时间:2025-04-01 00:40:06  状态:完结  作者:默山

  当晚,京梁城门落闸,禁军十卫在外排阵以待。这日没到天亮,住在城下的百姓就感受到了来自远方地下的阵阵颤动。

  “废物!”谢悬将新送来的军报一把摔在了严珍的脸上,“是谁给朕回报,说北上抗敌的禁军是被江面上的龙吸水卷走的?”

  严珍跪伏在地,不敢言语。

  “如今禁军的兵船落在了高车蛮子手里,你们居然还敢蒙骗朕,说金央大军至今仍在北翟郡外。”谢悬一脚踹在了严珍的肩膀上,“你是想造反吗?”

  严珍被踹得仰倒在地,他忍着疼跪好,抬眼看到了默默坐在一侧的傅徵。

  “将军!”严珍从牙缝中挤出了两个字。

  傅徵低垂着双目,一言不发。

  “你是在指望傅将军救你吗?”谢悬幽幽问道。

  严珍把头埋在了谢悬脚下——他不指望傅徵救他,因为作为谢悬亲自挑选的走狗,严珍已在折磨傅徵这件事上出过了太多的力。

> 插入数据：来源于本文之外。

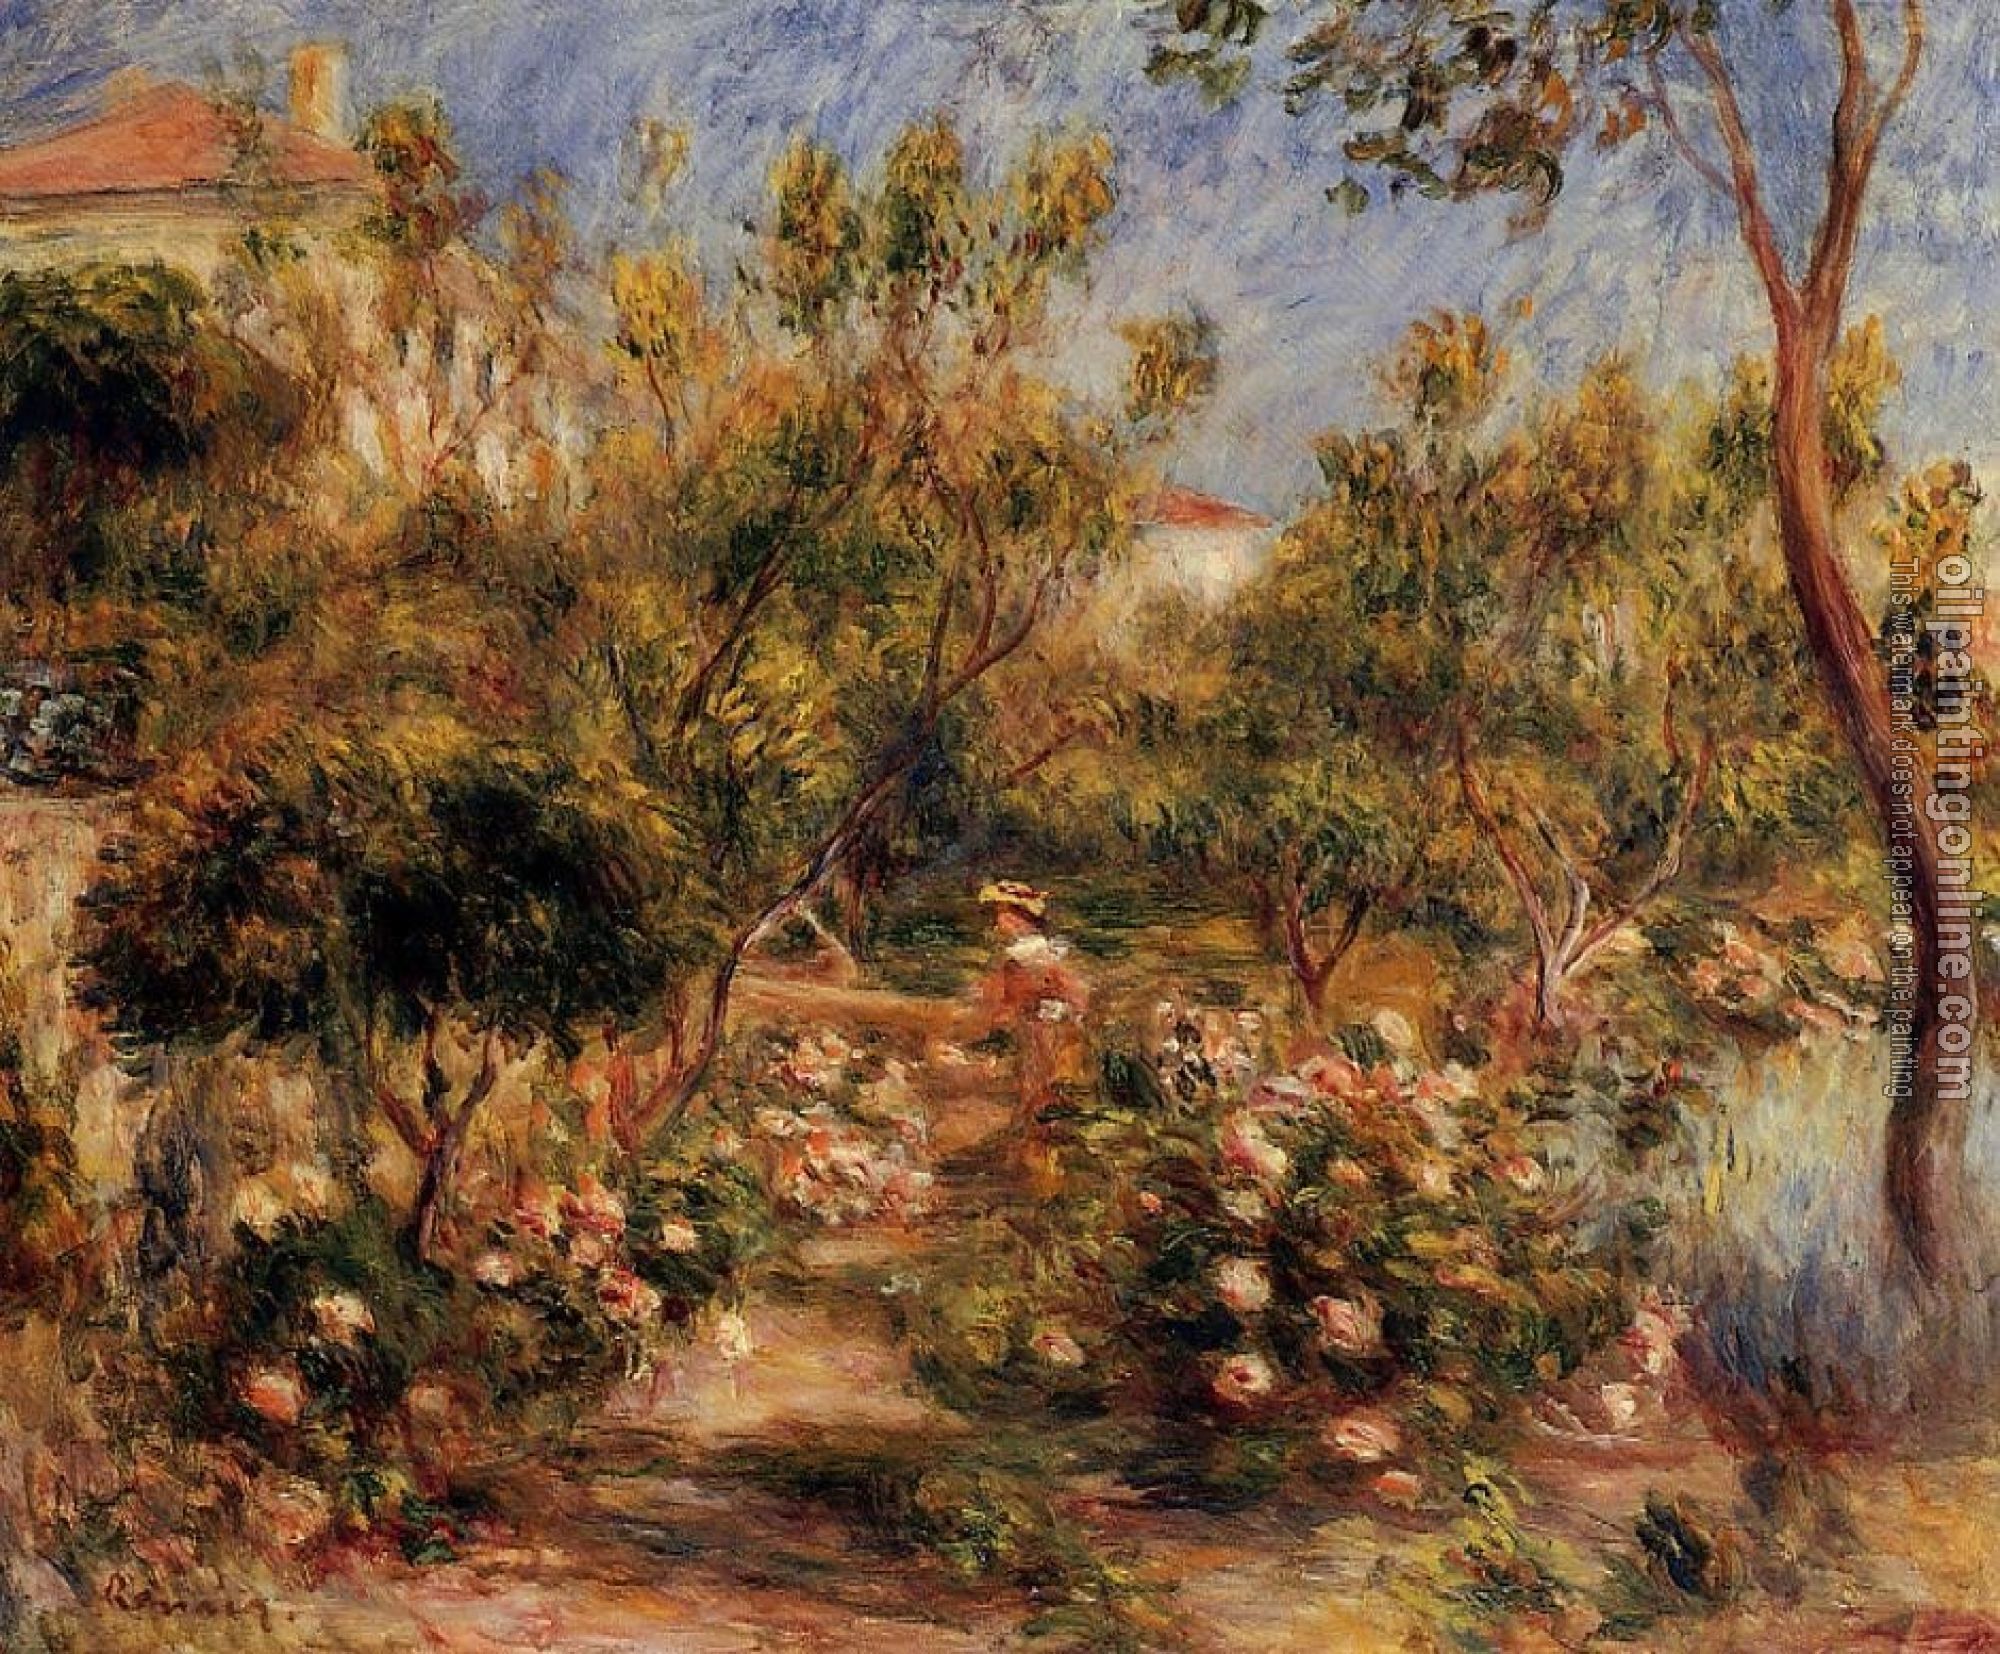 Renoir, Pierre Auguste - Young Woman in a Garden - Cagnes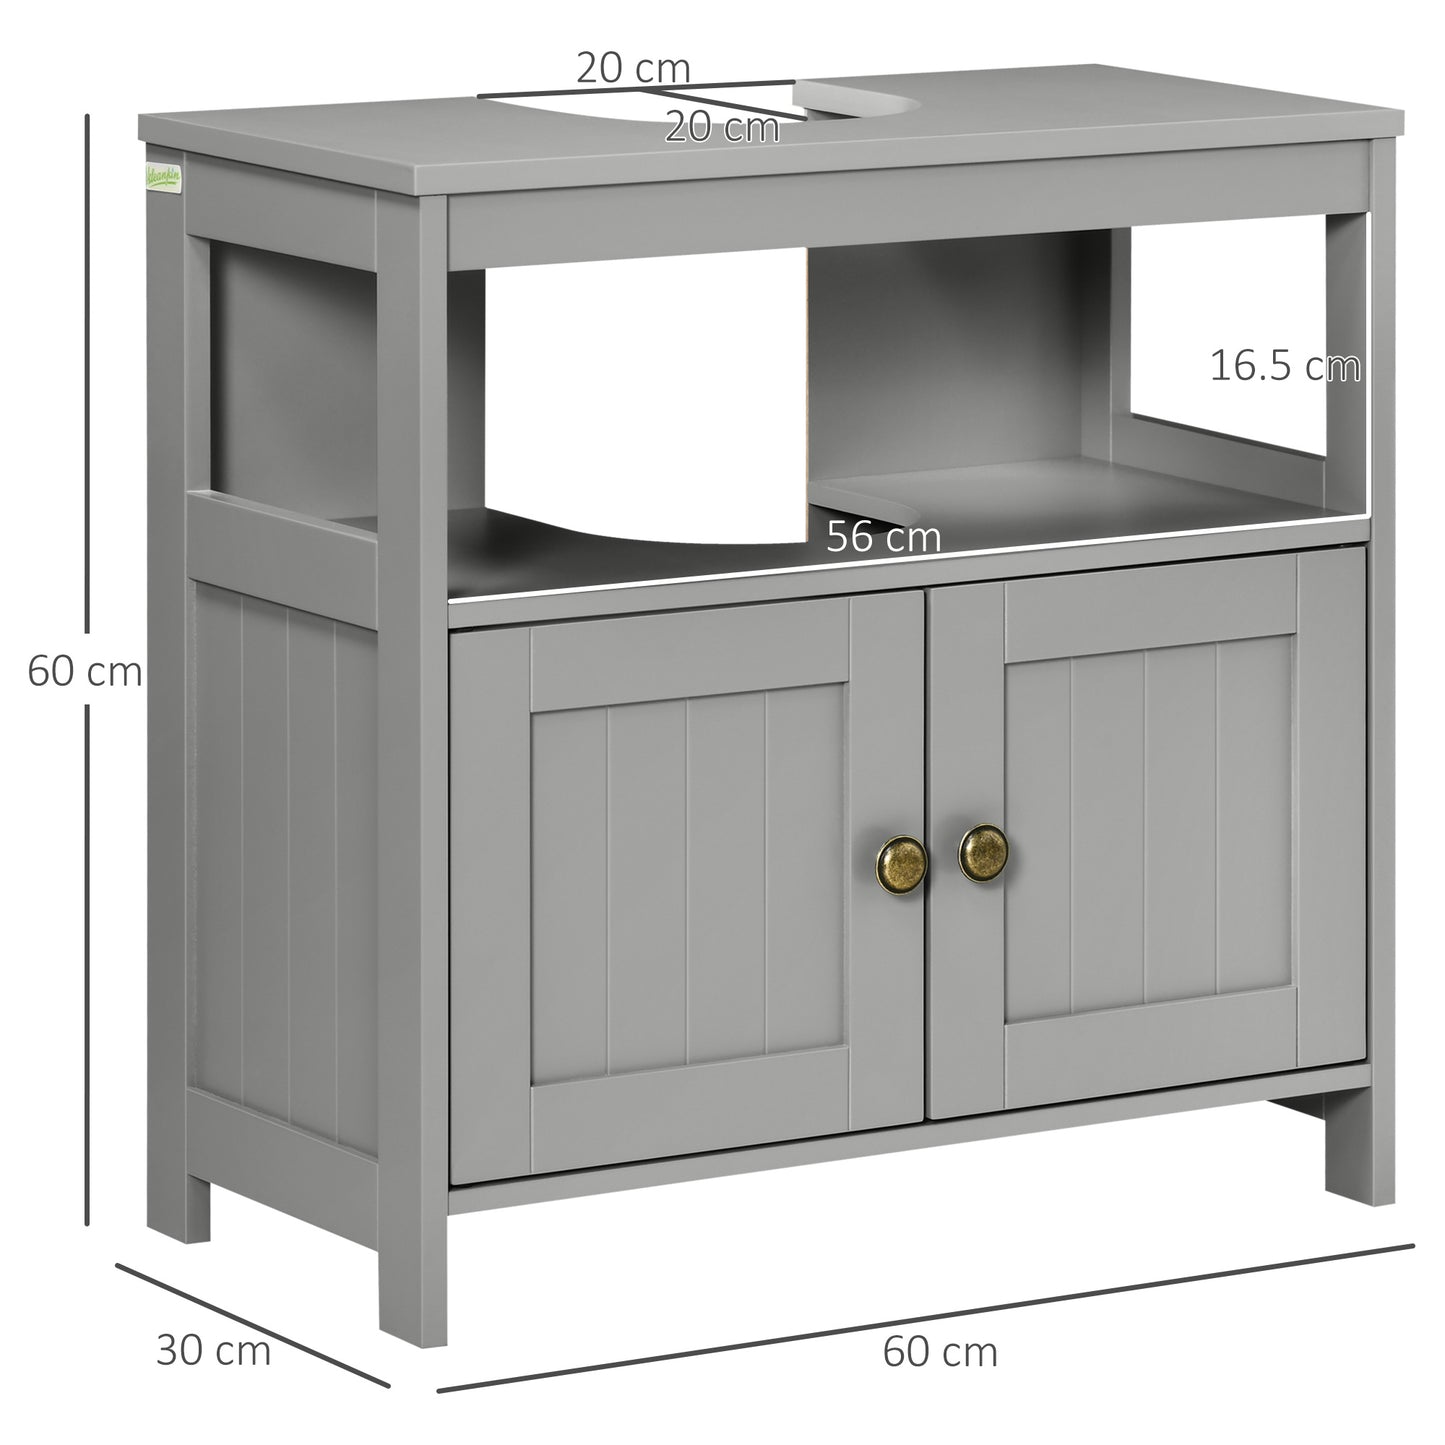 kleankin Pedestal Under Sink Cabinet with Double Doors, Modern Bathroom Vanity Storage Unit with Shelves, Light Grey

  “陛下,臣忠心耿耿,从未有任何反叛之心,之前军报出错……臣,臣也不知。”严珍咬着牙说道。

  谢悬眯起了眼睛:“你也不知?禁卫是你的手下,派出京梁去往南峡口的兵卒哪个不是你严统领的兵?如今你居然敢在朕的面前说你也不知。”

  严珍浑身抖如筛糠。

  他该如何说?他的确不知,不知明明能在南峡口拦住不善水战的高车人的禁军为何会莫名其妙被龙吸水卷走,也不知到底是谁有胆子假传军报。

  “是敦王。”傅徵在这时开口了,“是他们遇到了敦王,因此不战而败。”

  谢悬轻轻一颤,回头看向傅徵:“你说什么?”

  傅徵抬起头:“高车为什么有勇气离开困守了他们上千年的雪原?为什么会在中州大地长驱直入,势如破竹?因为有敦王在,有寒衣在。陛下,您可能忘了,寒衣也姓谢。”

  是了,谢裴也姓谢,谢裴也是谢氏的子孙。别管谢悬到底是不是长康道废妃和侍卫私通生下的儿子,在现如今的大兴,他所代表的仍是正统。那么他的儿子,他的长子谢寒衣,为什么不能和他一样代表正统呢?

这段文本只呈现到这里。